According to Netflix, I have had 3:10 to Yuma in my apartment since 1/8/08. Netflix doesn't care. As long as I pay my subscription, I can keep it as long as I like. It isn't judging me. I am judging myself. I have had plenty of opportunities to watch this movie. There are plenty of movies I am looking forward to watching, waiting for me in my queue. So why does a part of me refuse to watch this movie? I wanted to watch it several months ago, otherwise I wouldn't have put it in my queue. It has lots of actors I like in it. It got very good reviews. It's not like I haven't had the time: I have spent plenty of hours on weekends watching reruns of Top Chef and Top Model and America's Next Best Top Dance Crew (or whatever it's called - Go Jabbas!) but I will not watch this movie. I'll be cleaning my living room, see it sitting on my end table and I'll come up with different reasons why it's just not the right time to watch the damn thing already.
Despite my ambivalence, I also cannot bring myself to abandon it completely and send it back unwatched.

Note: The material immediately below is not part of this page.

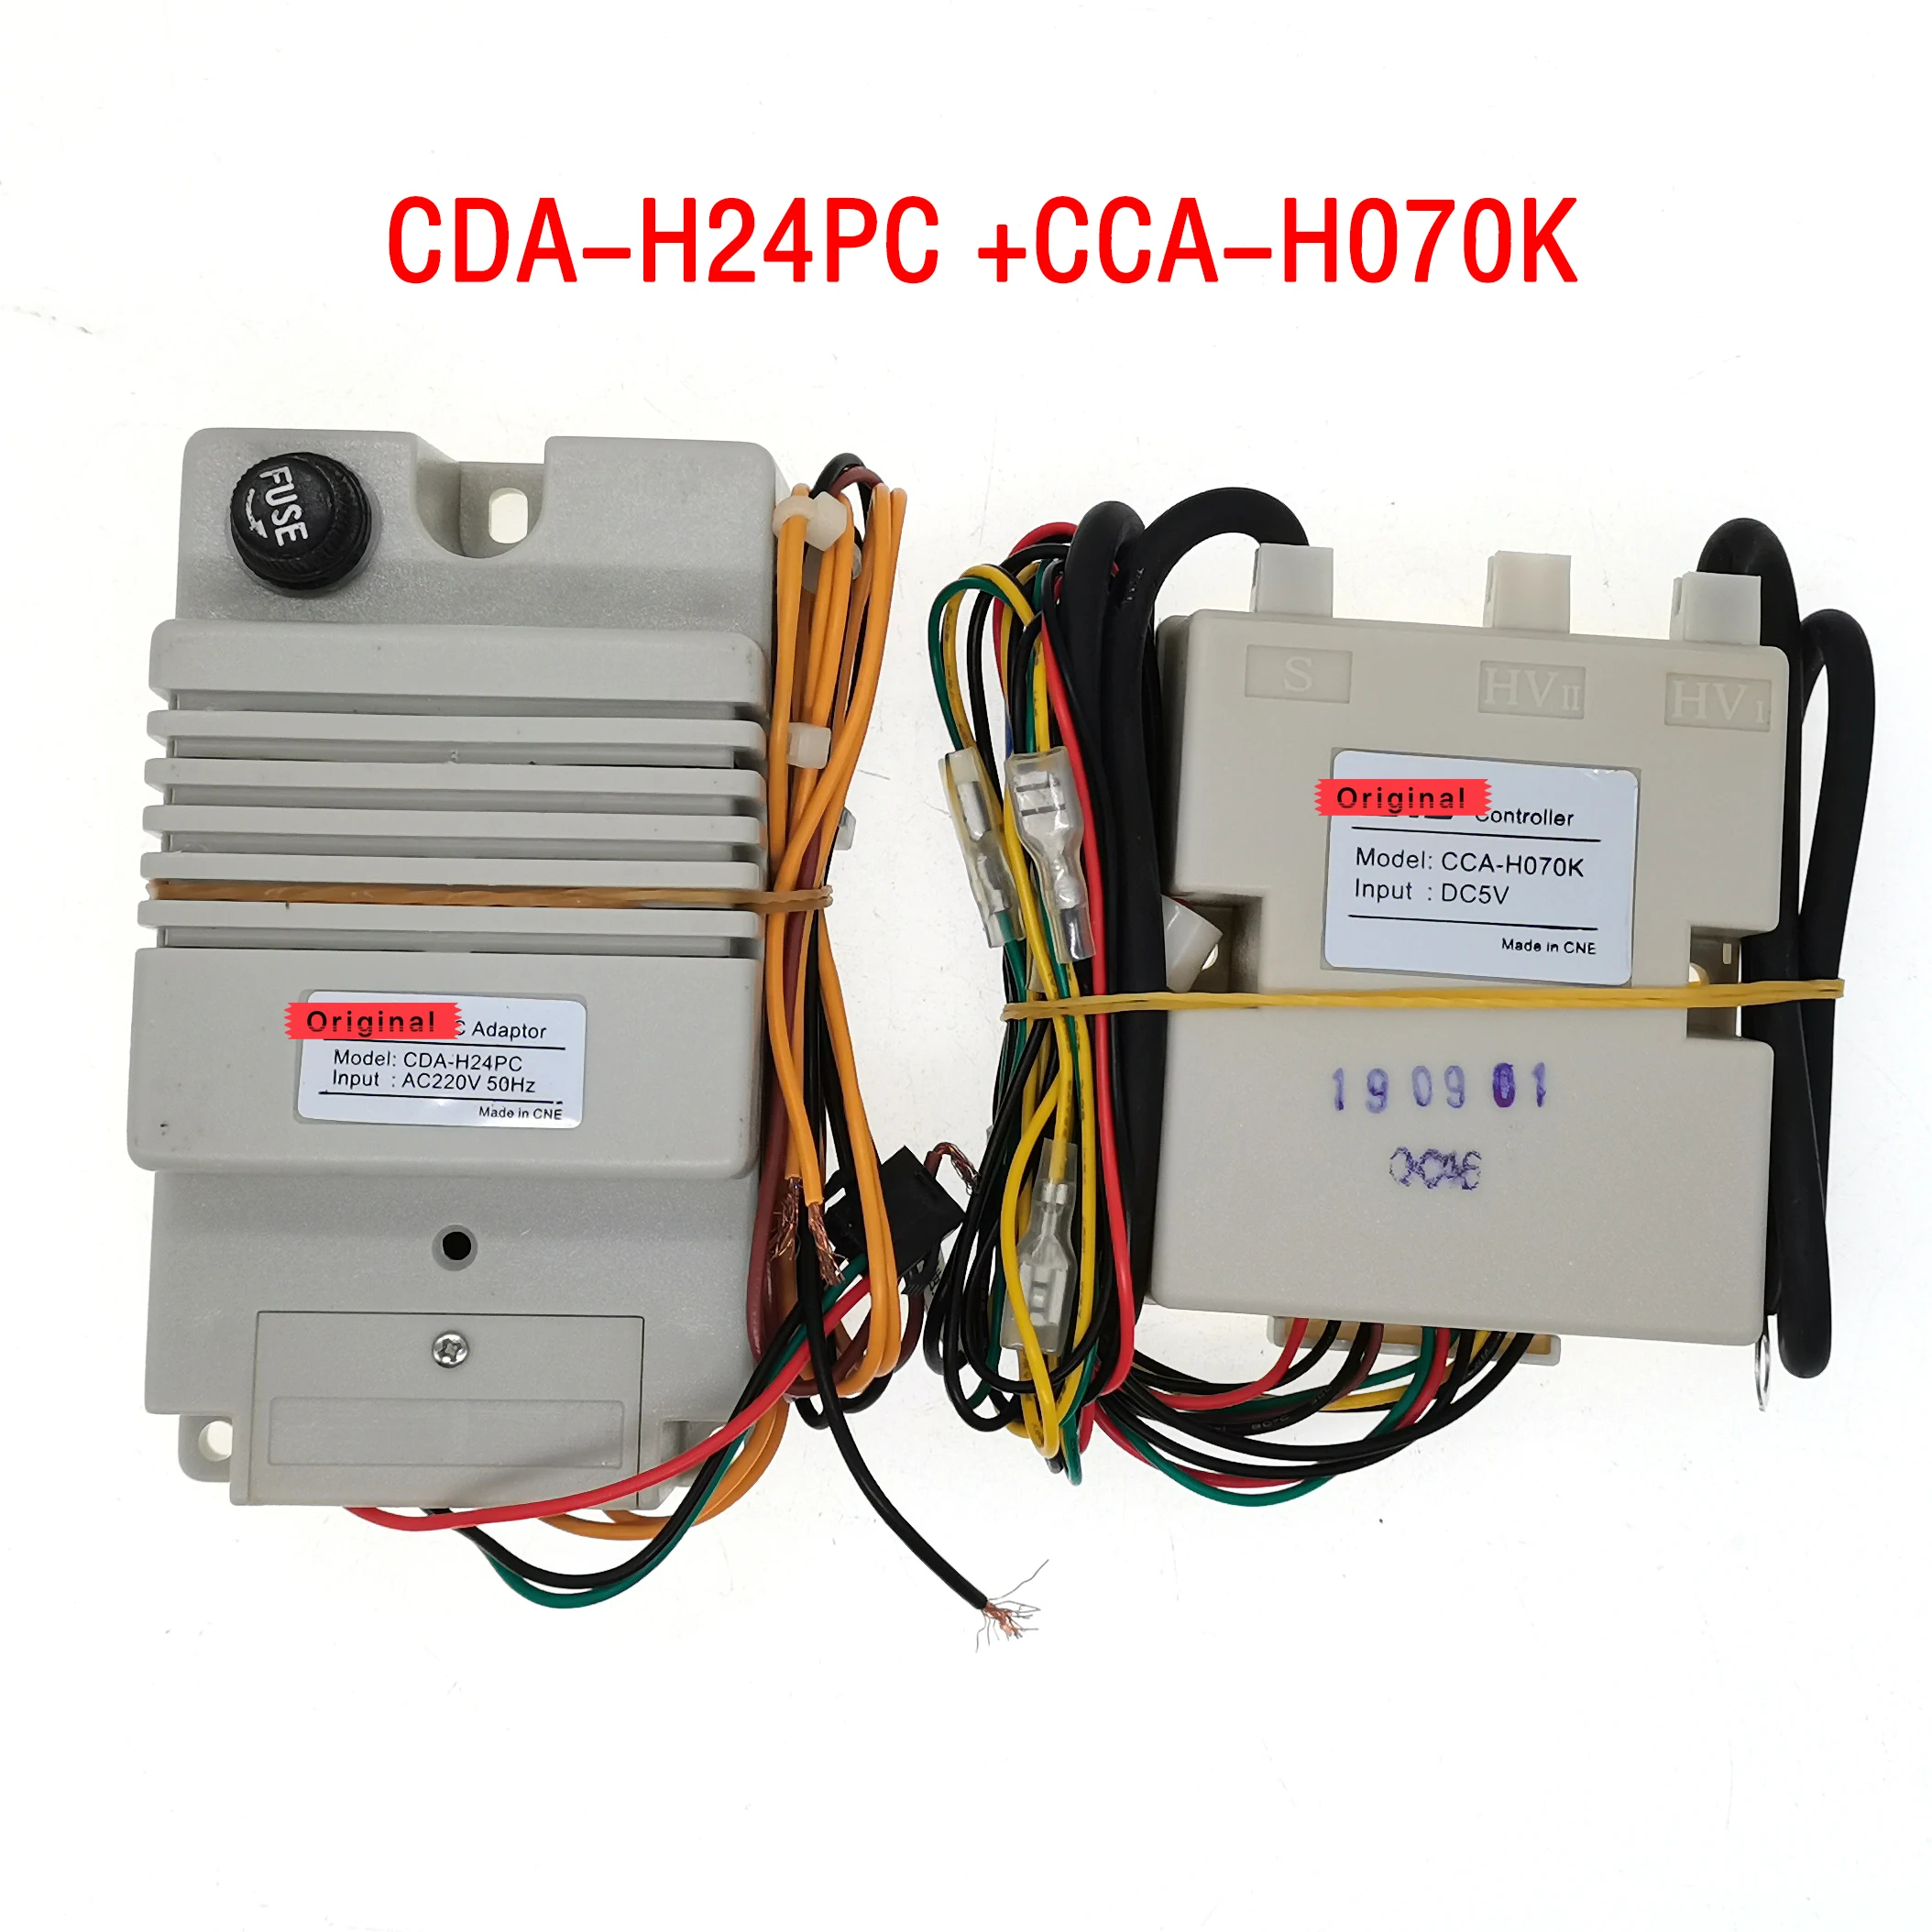 A set of CDA-H24PC power box CCA-H070K universal gas oven igniter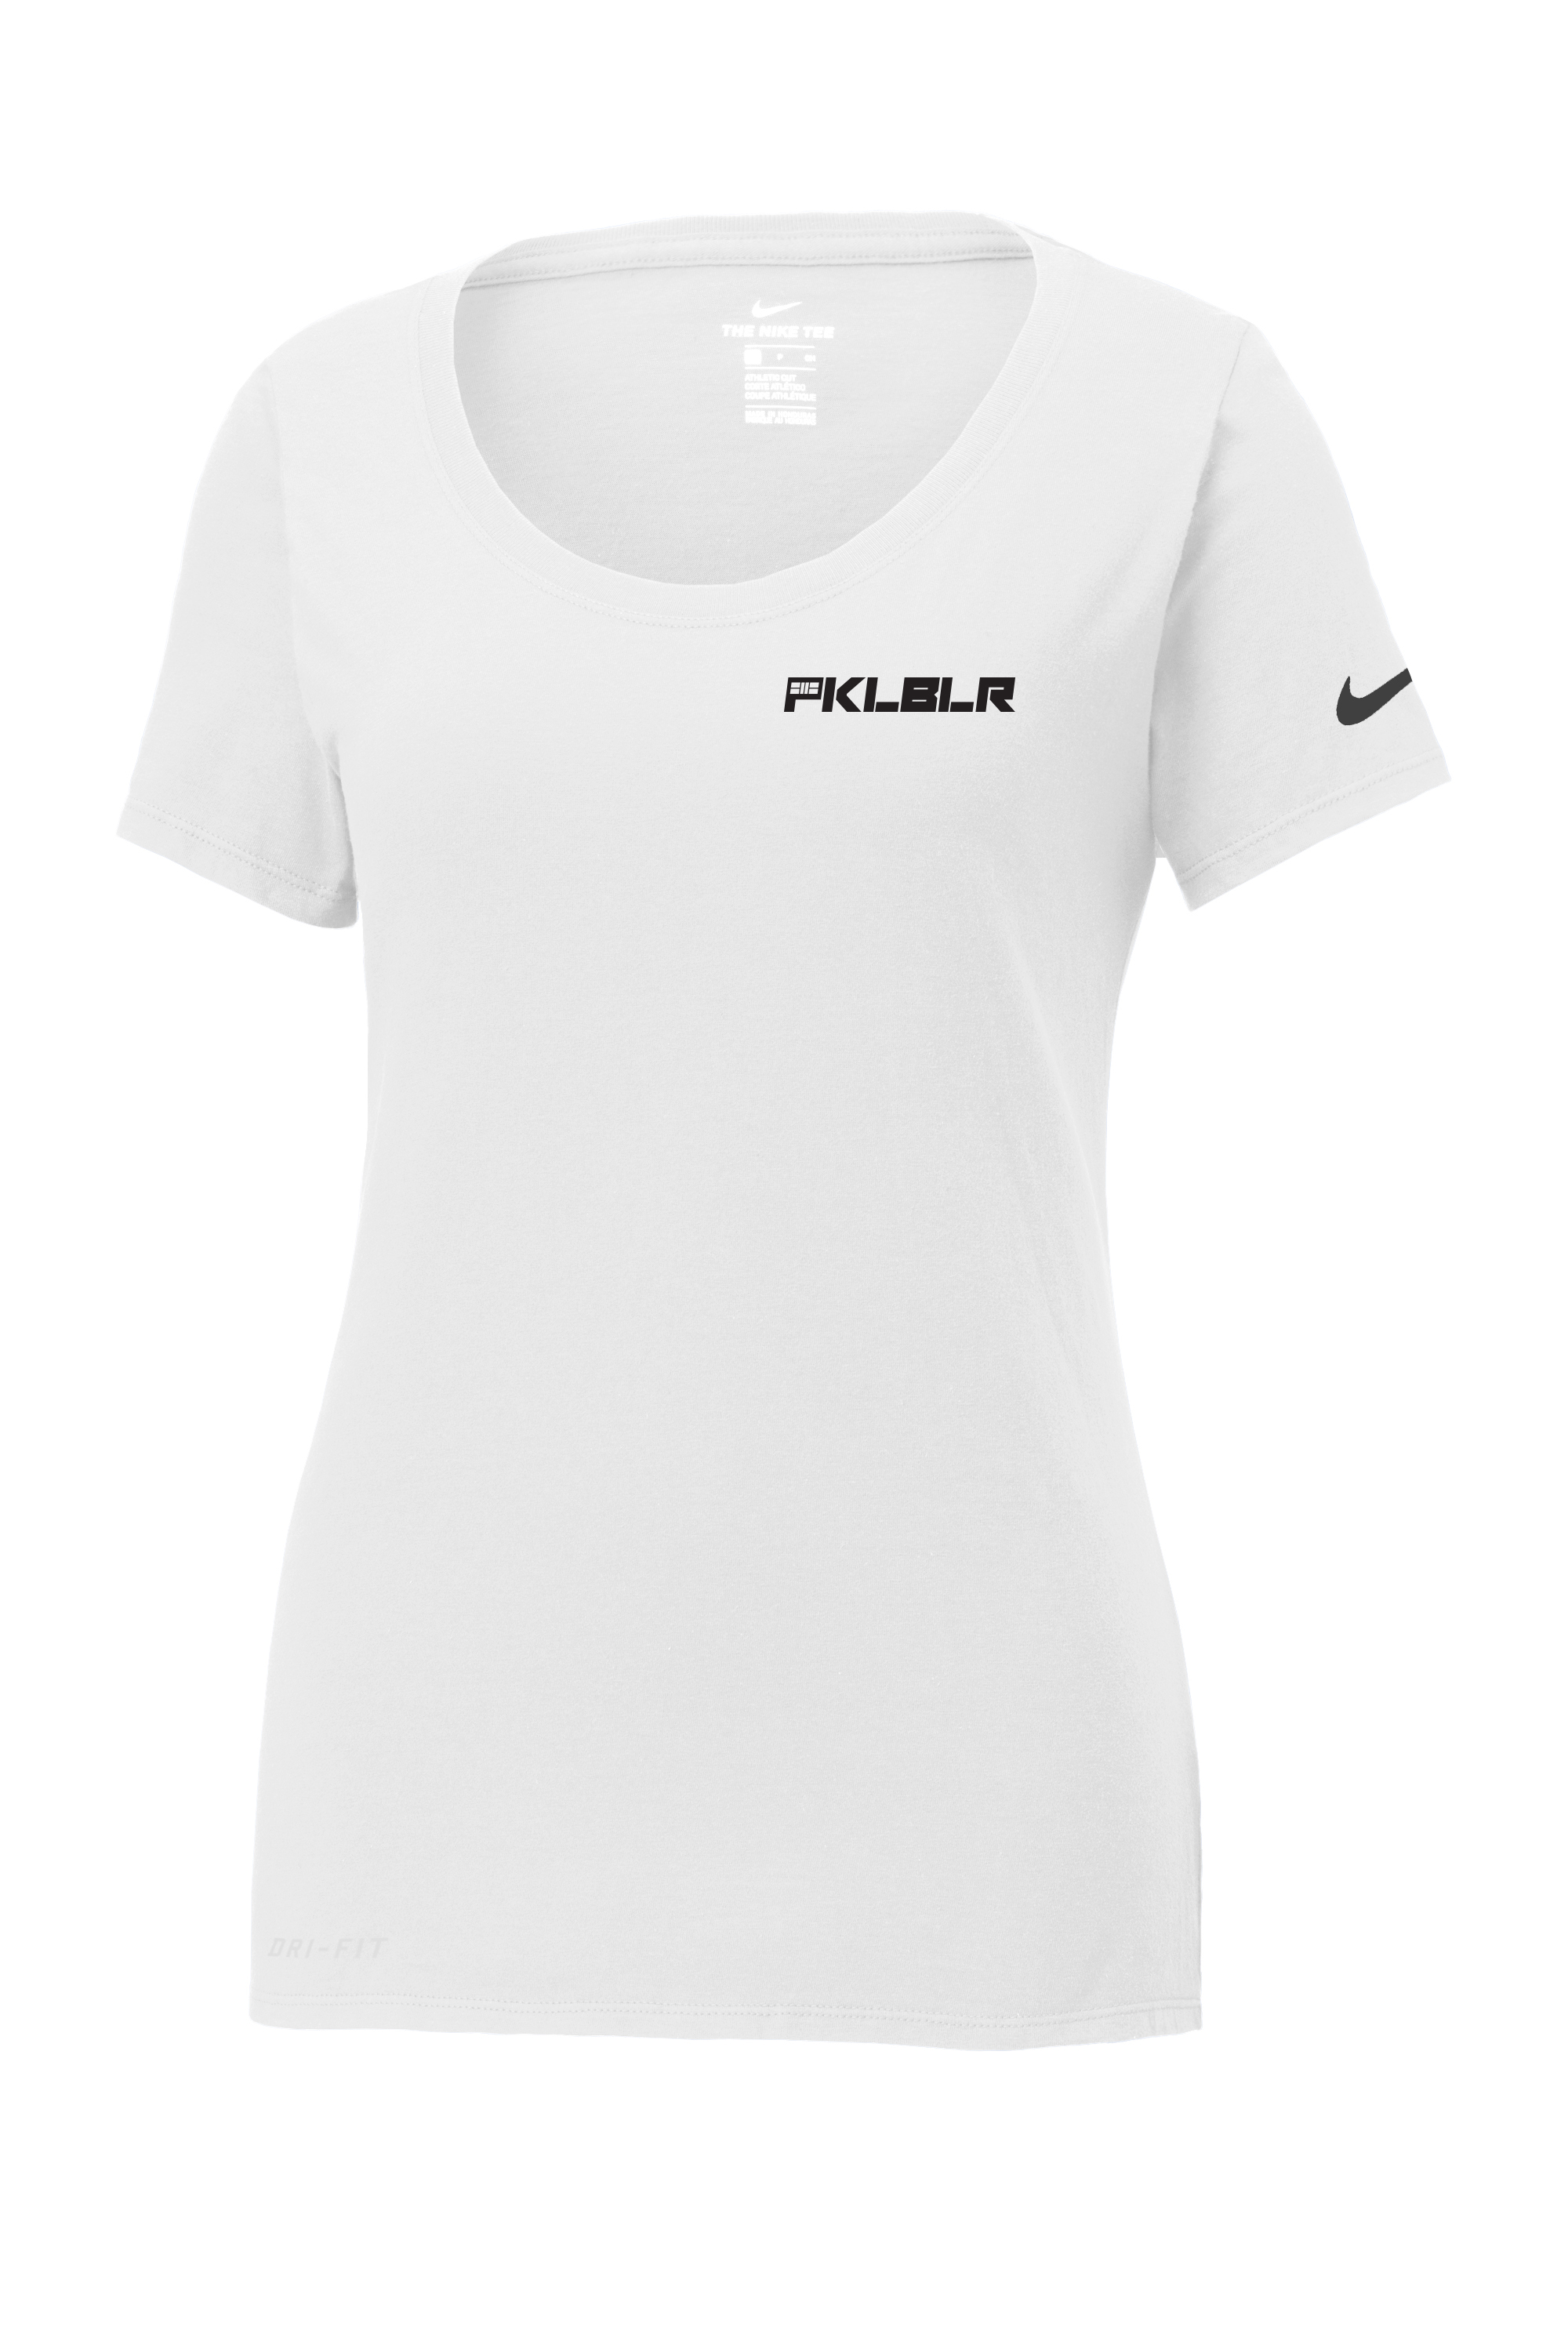 Nike Ladies Dri-FIT Cotton/Poly Scoop Neck Pickleball T

I keep thinking there will be a time where the mood will strike me and i'll say to myself "It's time to watch 3:10 to Yuma!" Just because it's been 4 months and that feeling has not returned doesn't mean it never will.
But tonight I have decided I will no longer wait for inspiration to arrive. I am forcing my own hand. I will watch 3:10 to Yuma! I have enough time before i go to bed. I have twisted something in my back that renders me a captive audience. There are no more excuses. The time is now! I will begrudingly watch this movie. I just need to organize all the things I need to effectively multitask while watching it and then I'll put it in. I swear. I'm gonna do it. I am! Probably. I mean this episode of Eli Stone that came on after desperate houswives has both katey sagal and graham from my so-called life guest-starring in it, and that's an attractive alternative... no! No. The movie. Tonight, we finish this. And I will send it back and get a new movie. And i will keep that one for less than 4 months. I will break my netflix coma and live again!